Task to complete –
Exactly as written, set down each line of the data below except its pictures.

Given information –
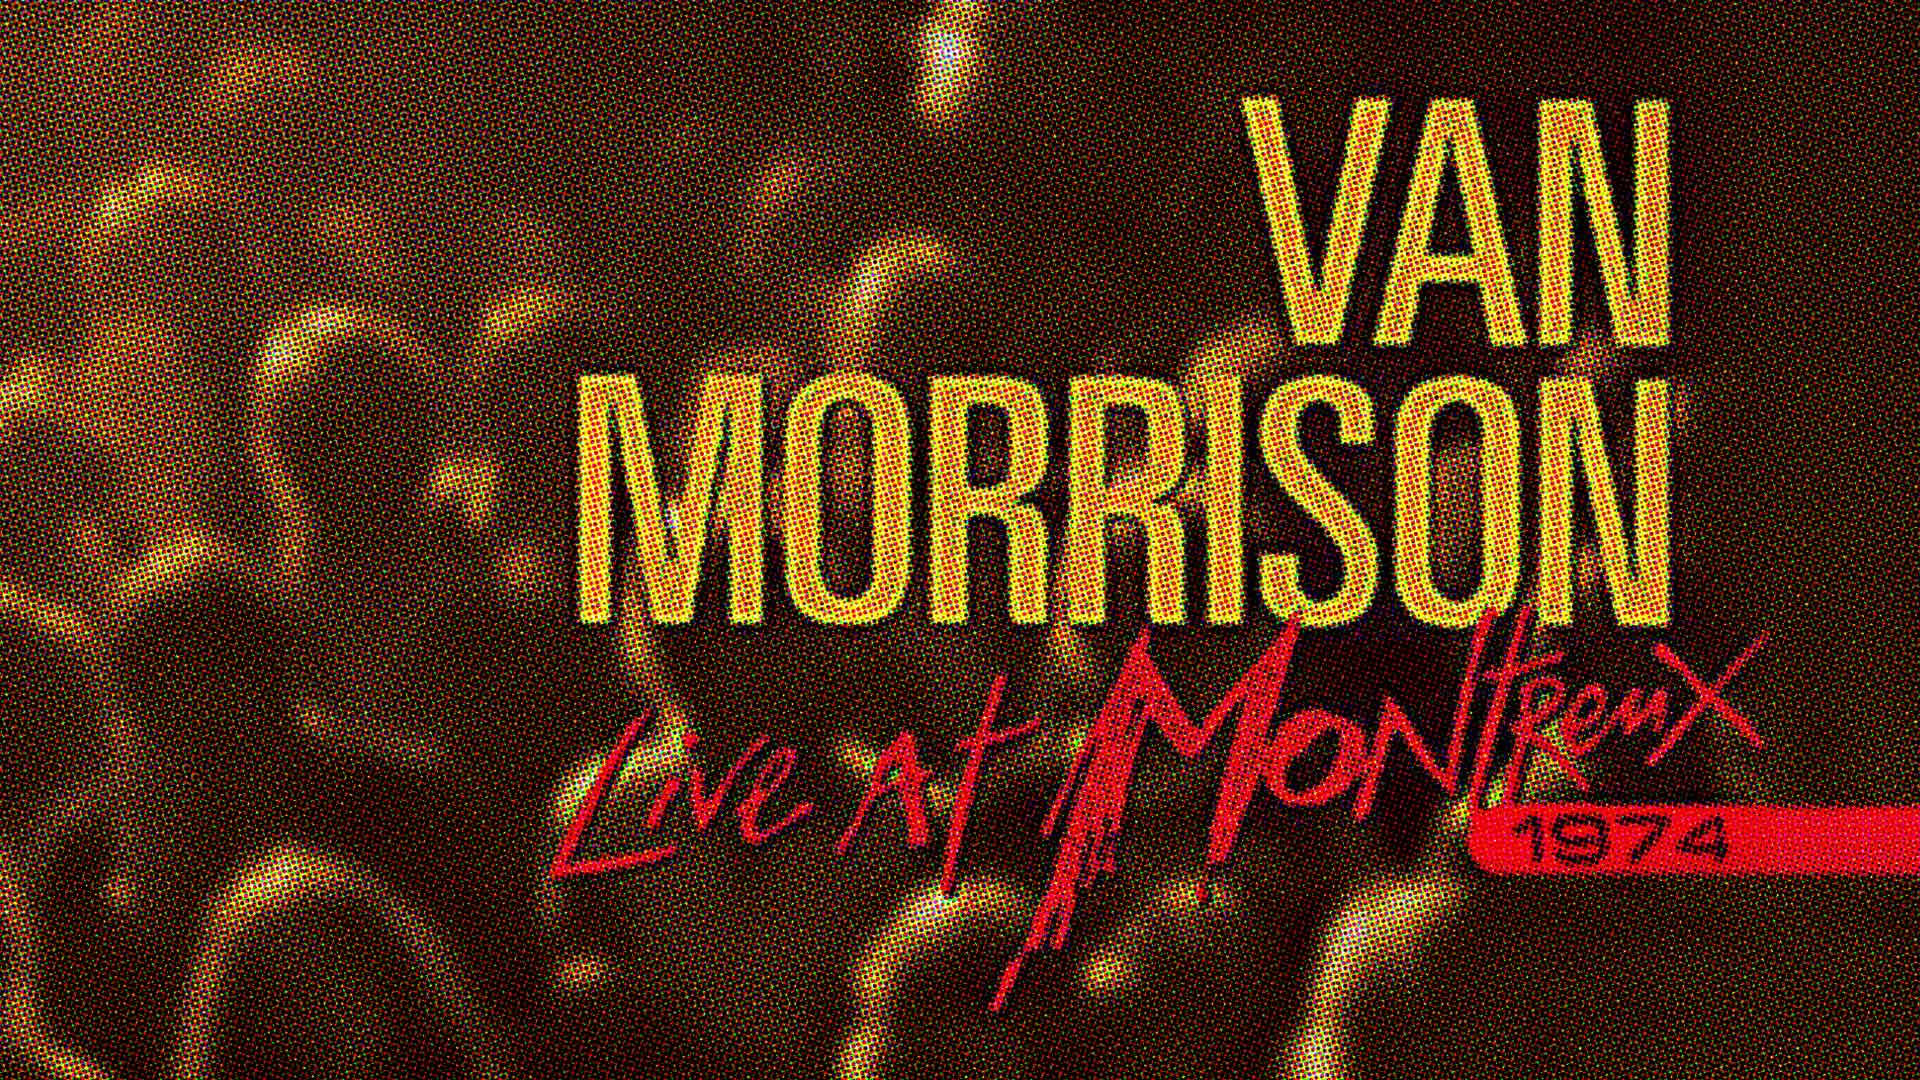 Van Morrison Montreux Albumomslag Wallpaper
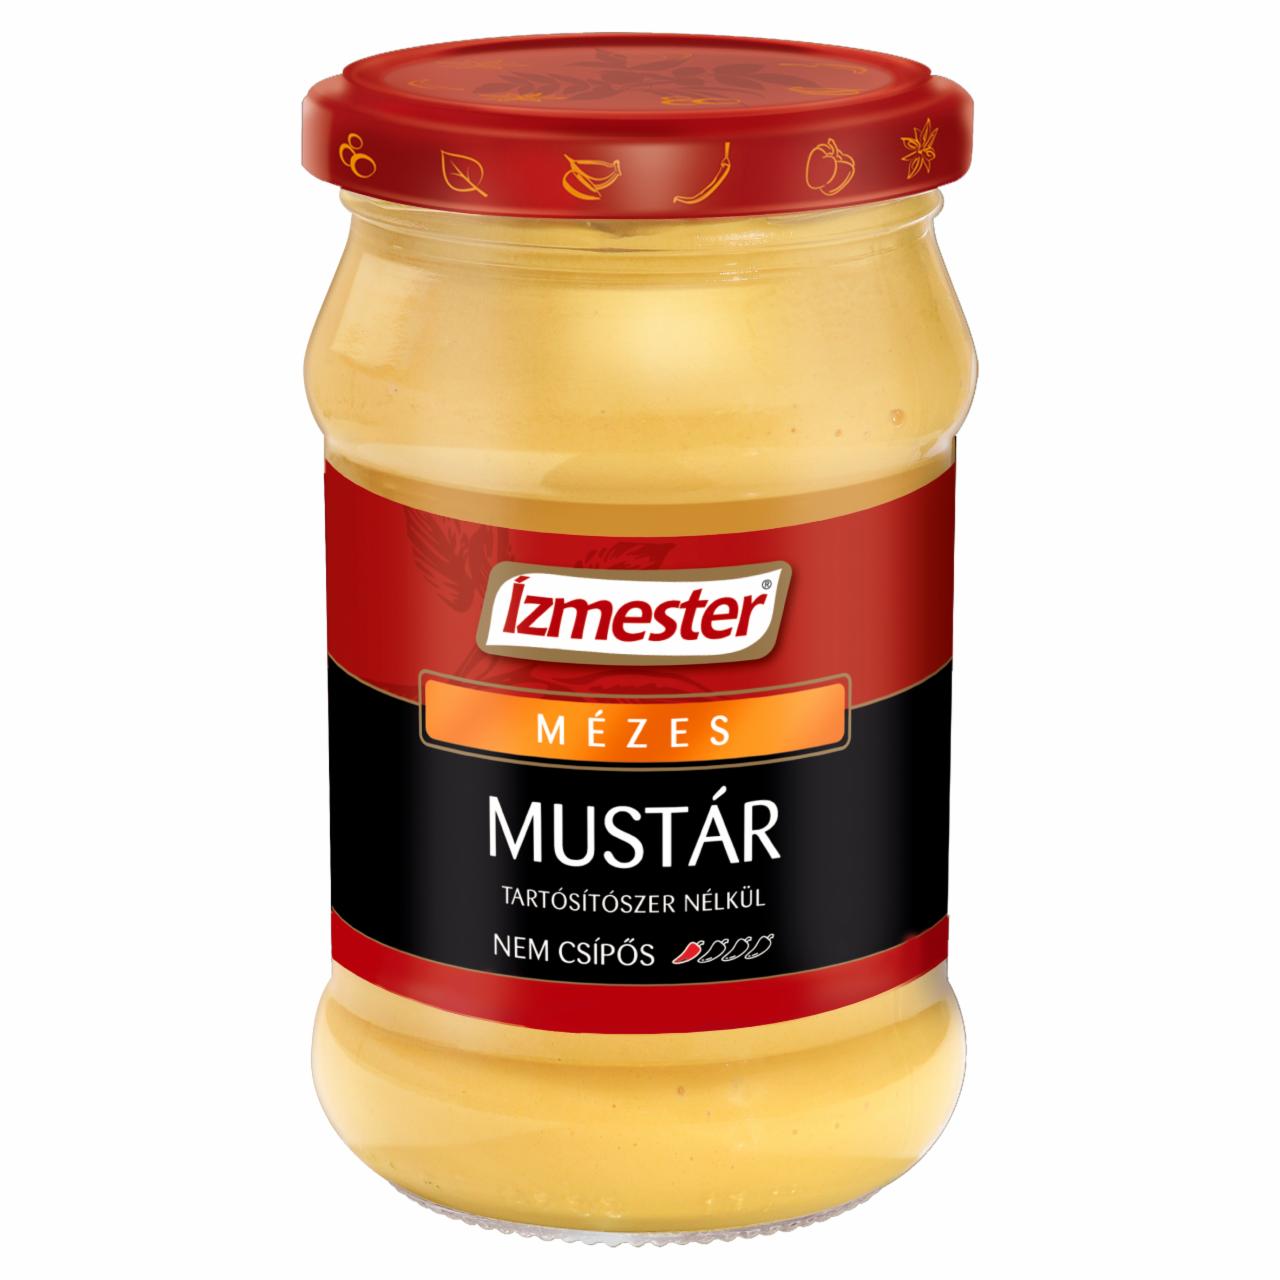 Képek - Ízmester mézes mustár 310 g
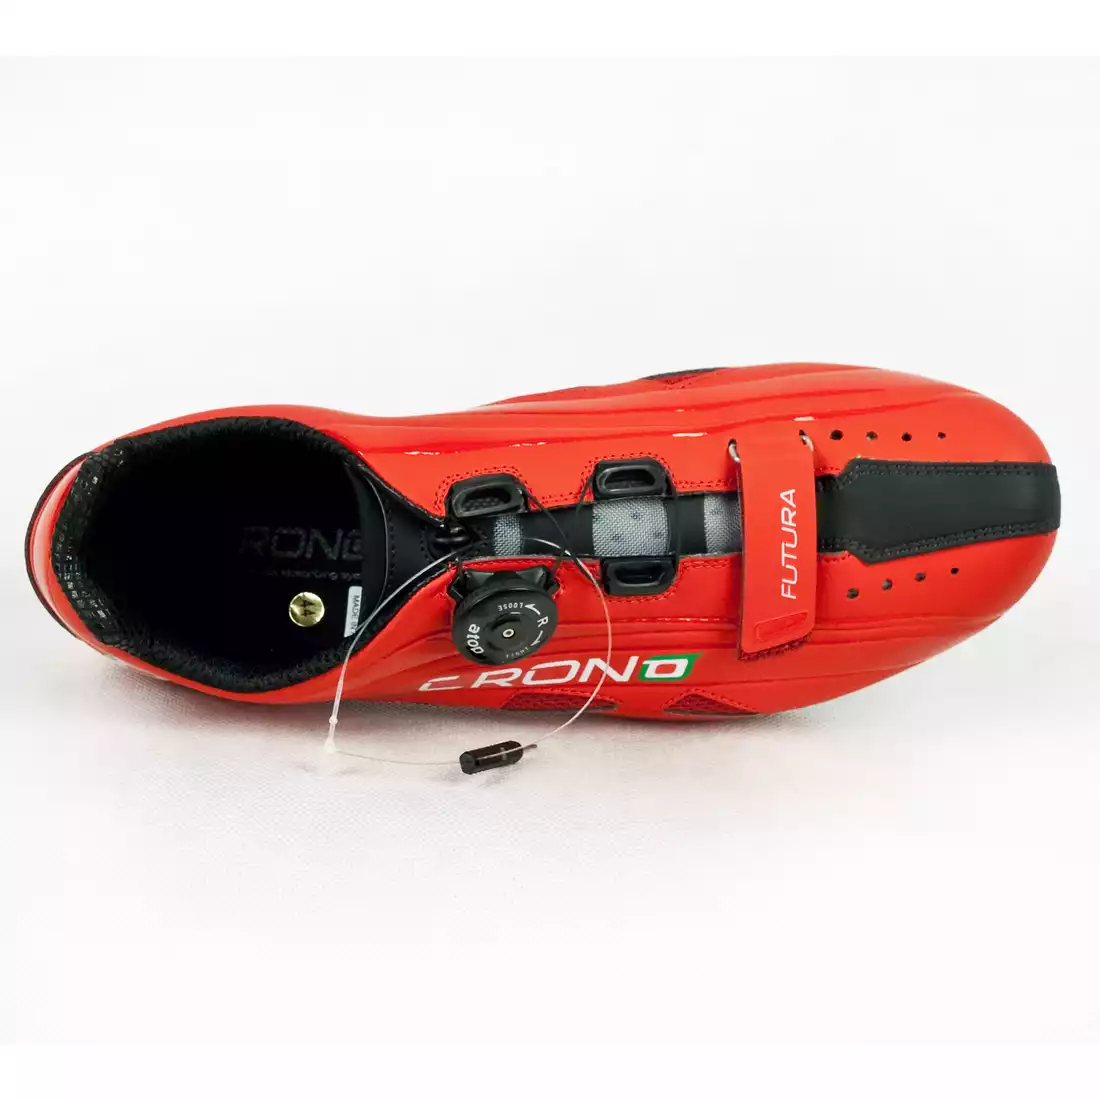 CRONO FUTURA NYLON - buty rowerowe szosowe - kolor: Czerwony

Answer box –
 Van Morrison Montreux Albumomslag Wallpaper
 Képek - Ízmester mézes mustár 310 g
 CRONO FUTURA NYLON - buty rowerowe szosowe - kolor: Czerwony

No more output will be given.